→ **INFORMATION SHOWN**:
++++++++
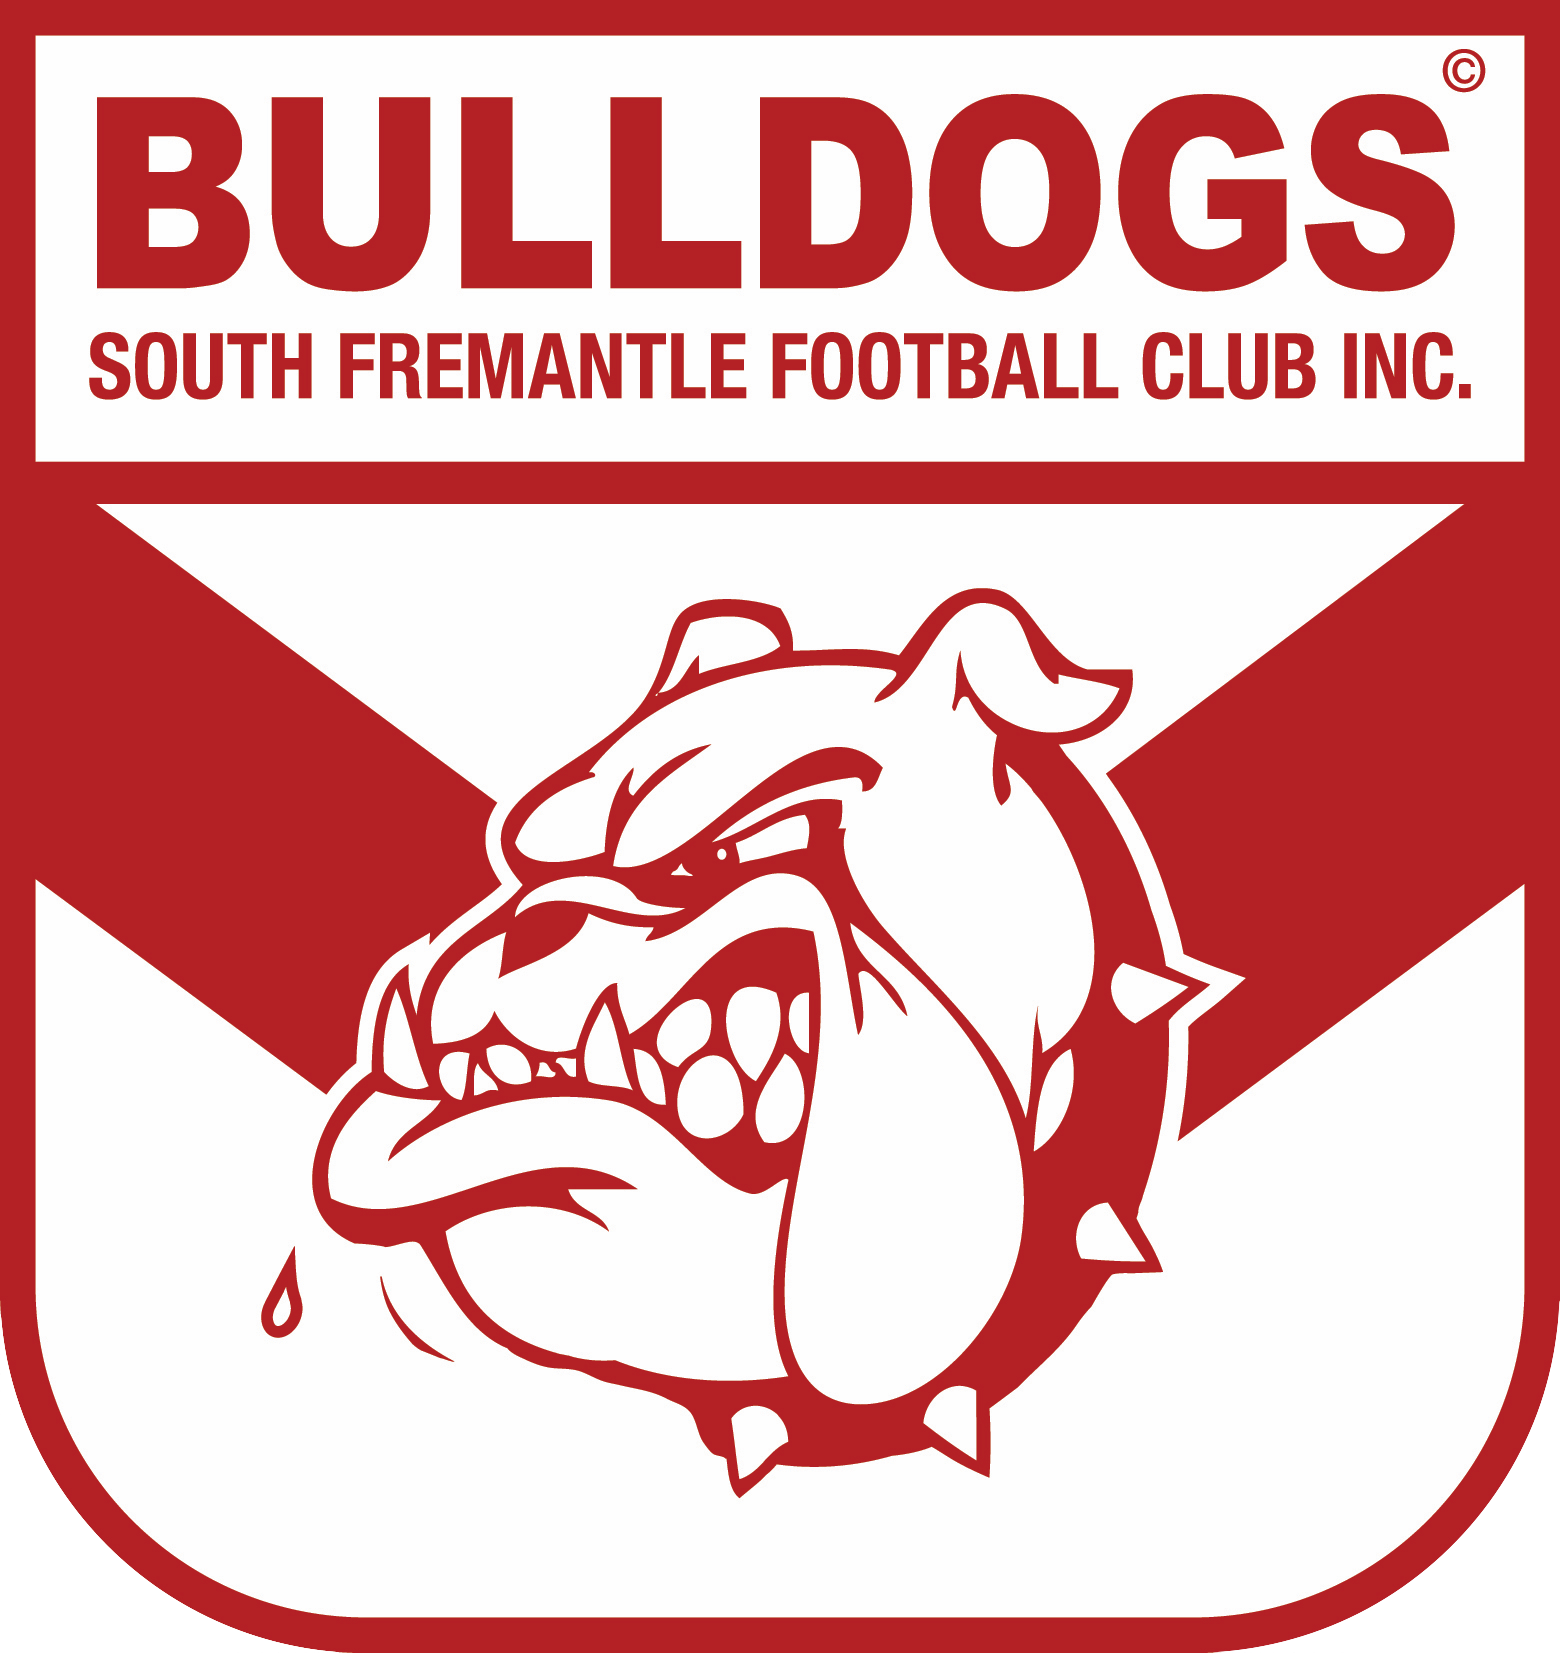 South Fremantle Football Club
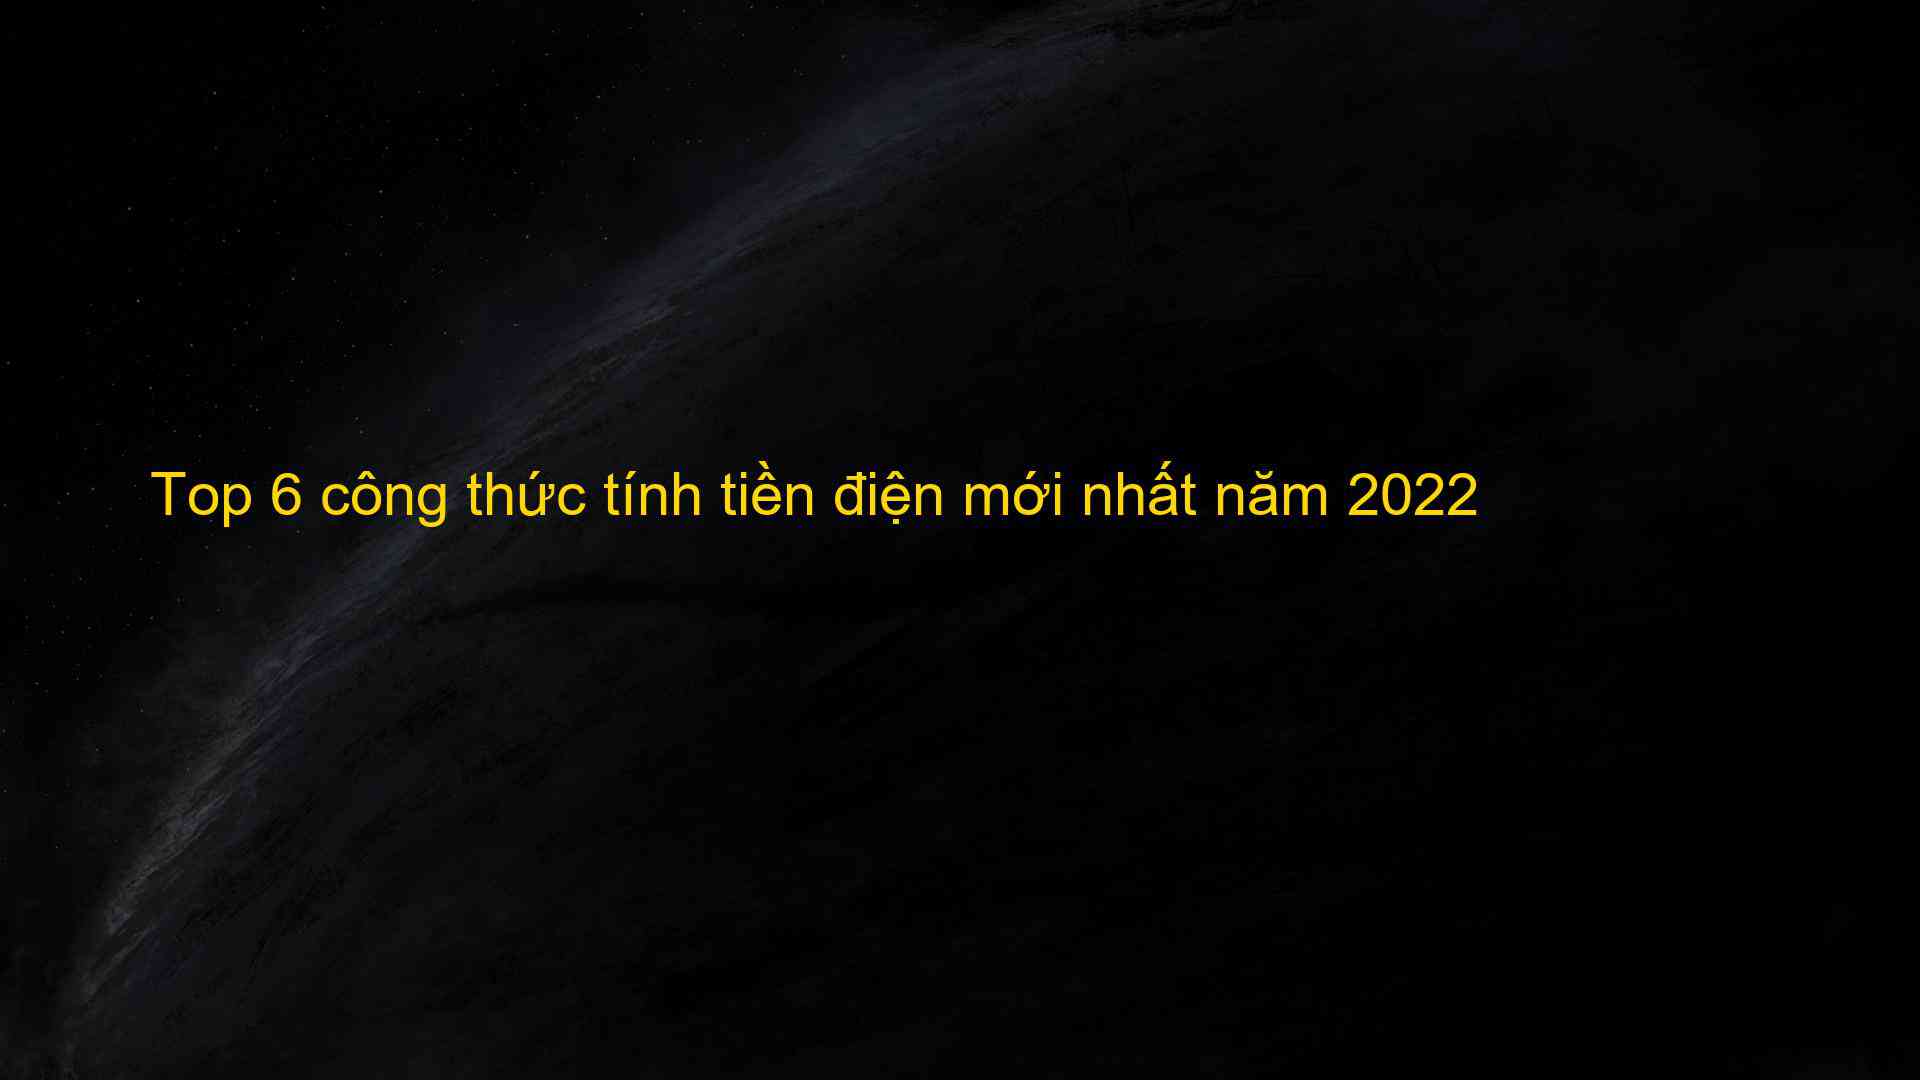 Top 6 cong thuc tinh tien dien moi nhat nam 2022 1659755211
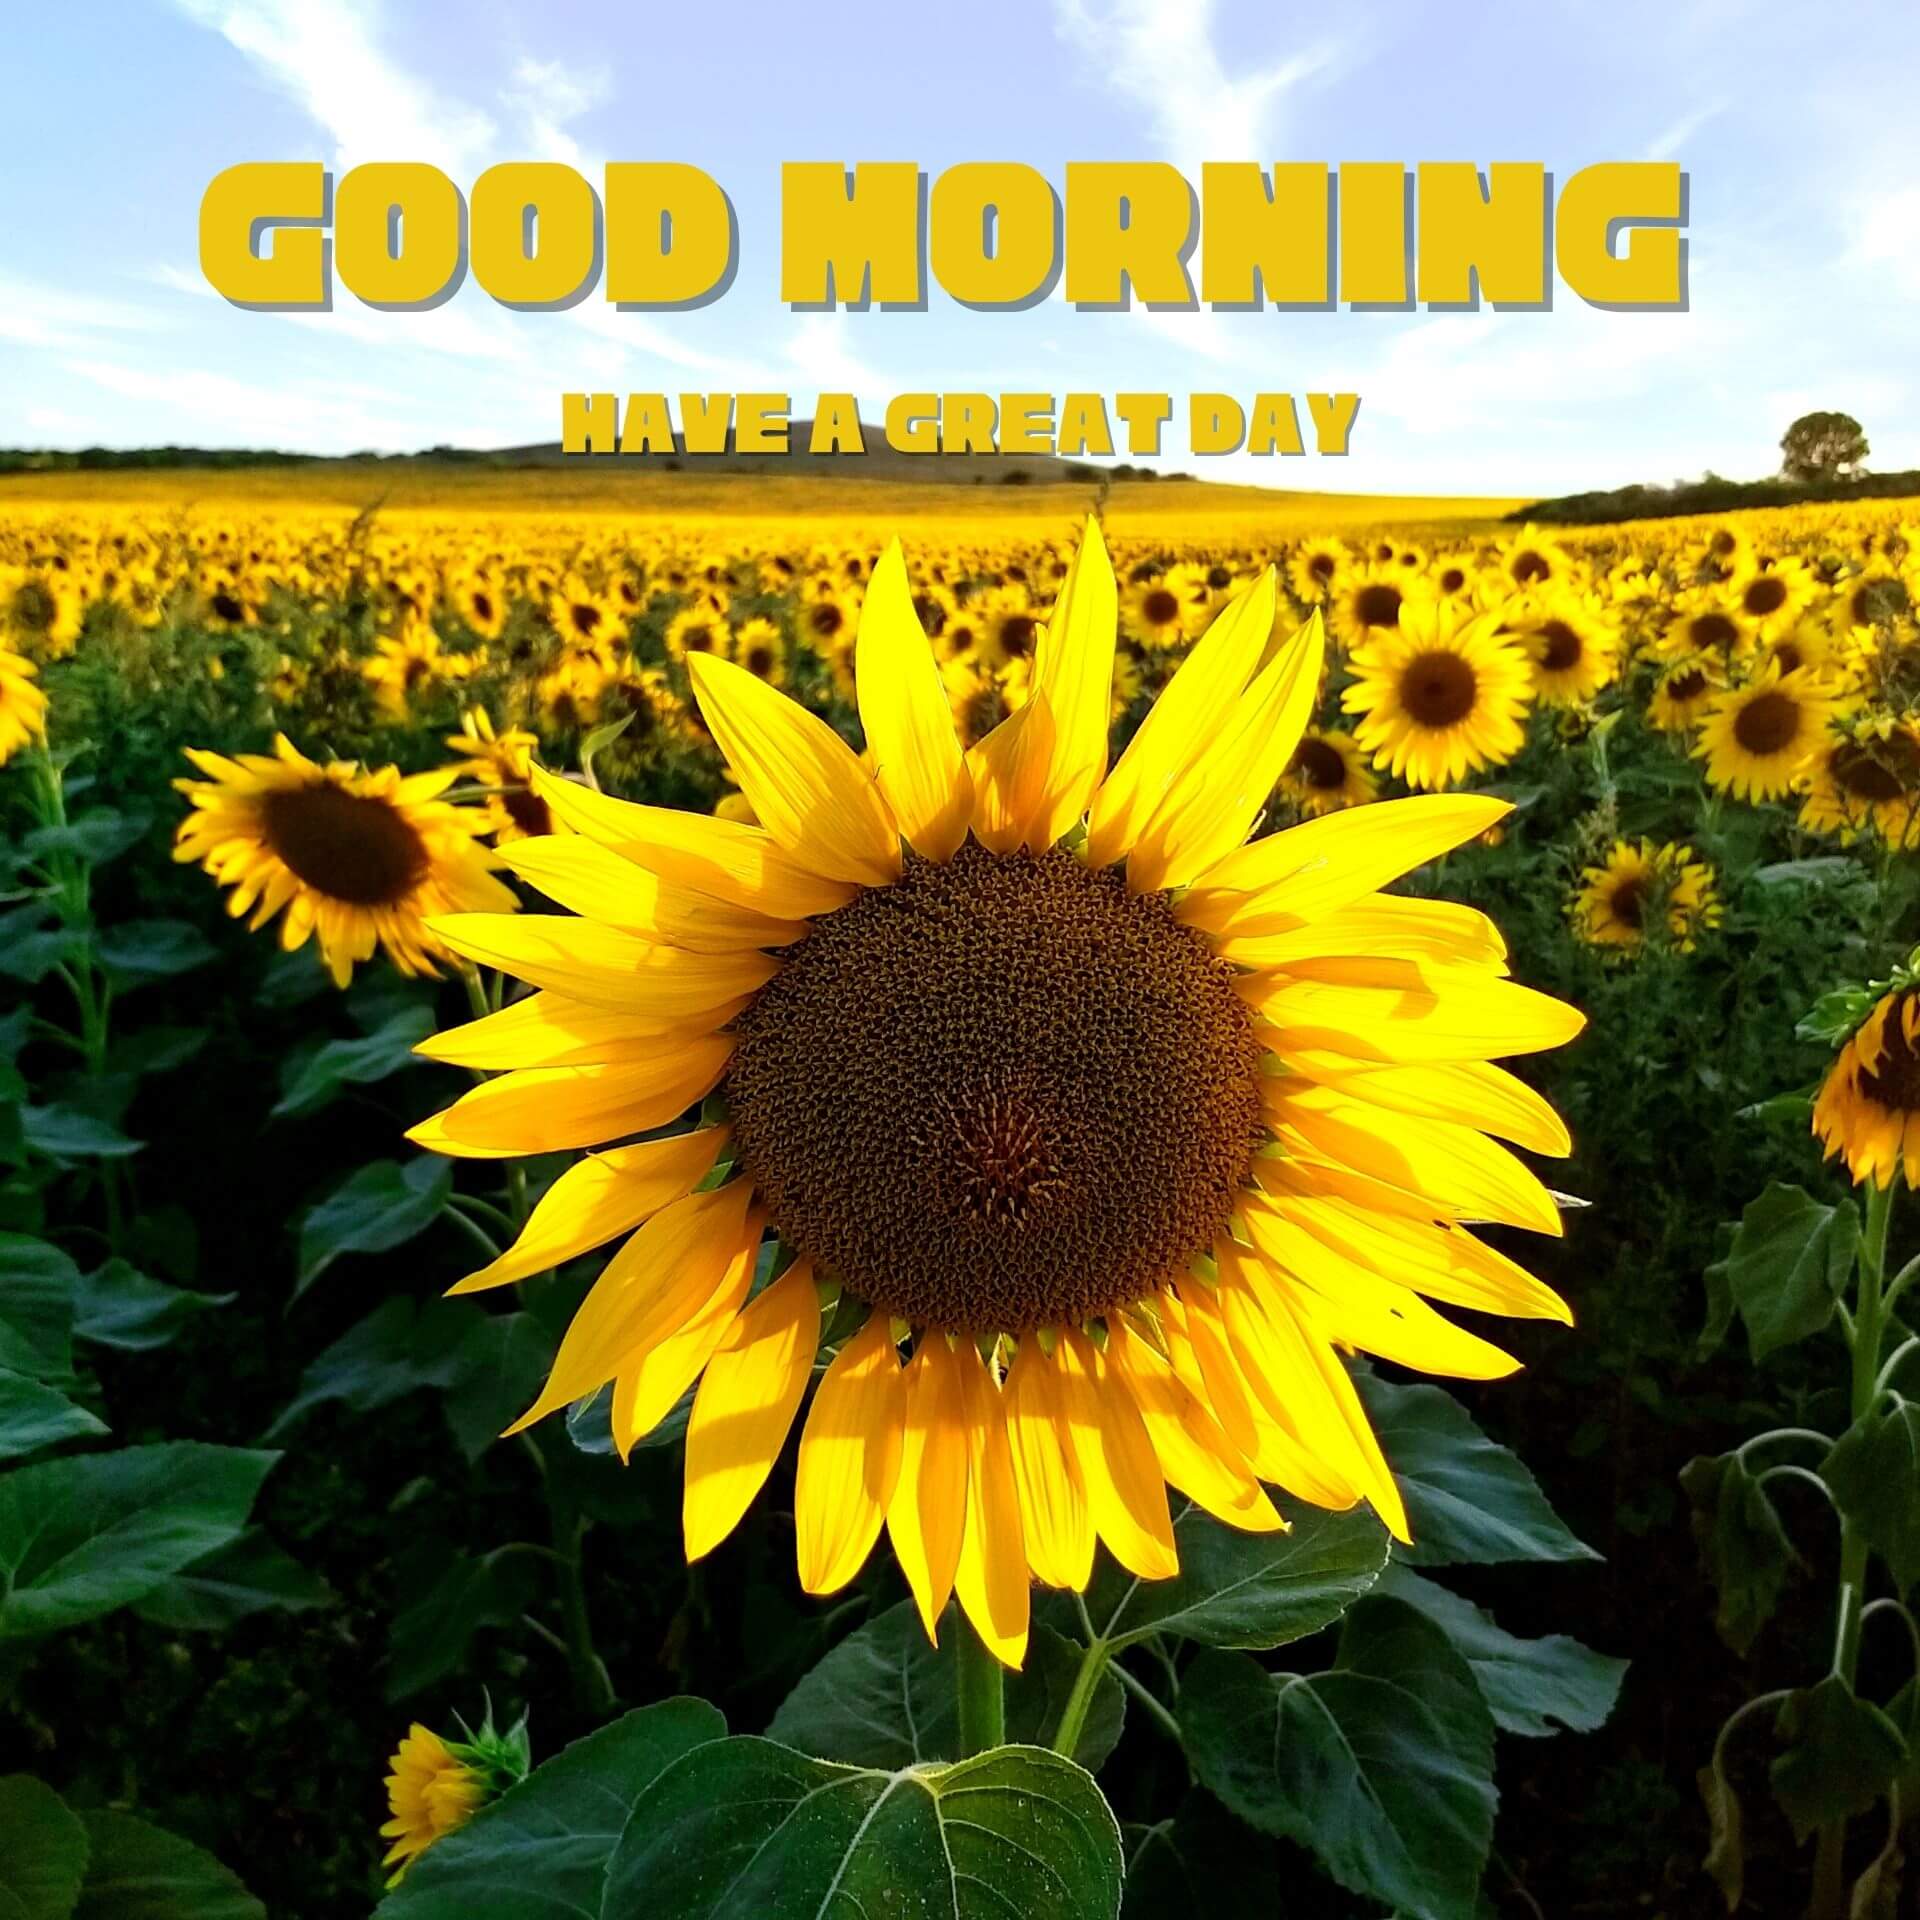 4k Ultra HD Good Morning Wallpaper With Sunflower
++++++++
→ **WHAT THE EXERCISE ASKS**:
Print the data again, word for word, without any pictures.

→ **EXERCISE RESULT**:
 South Fremantle Football Club
 Top 6 cong thuc tinh tien dien moi nhat nam 2022 1659755211
 4k Ultra HD Good Morning Wallpaper With Sunflower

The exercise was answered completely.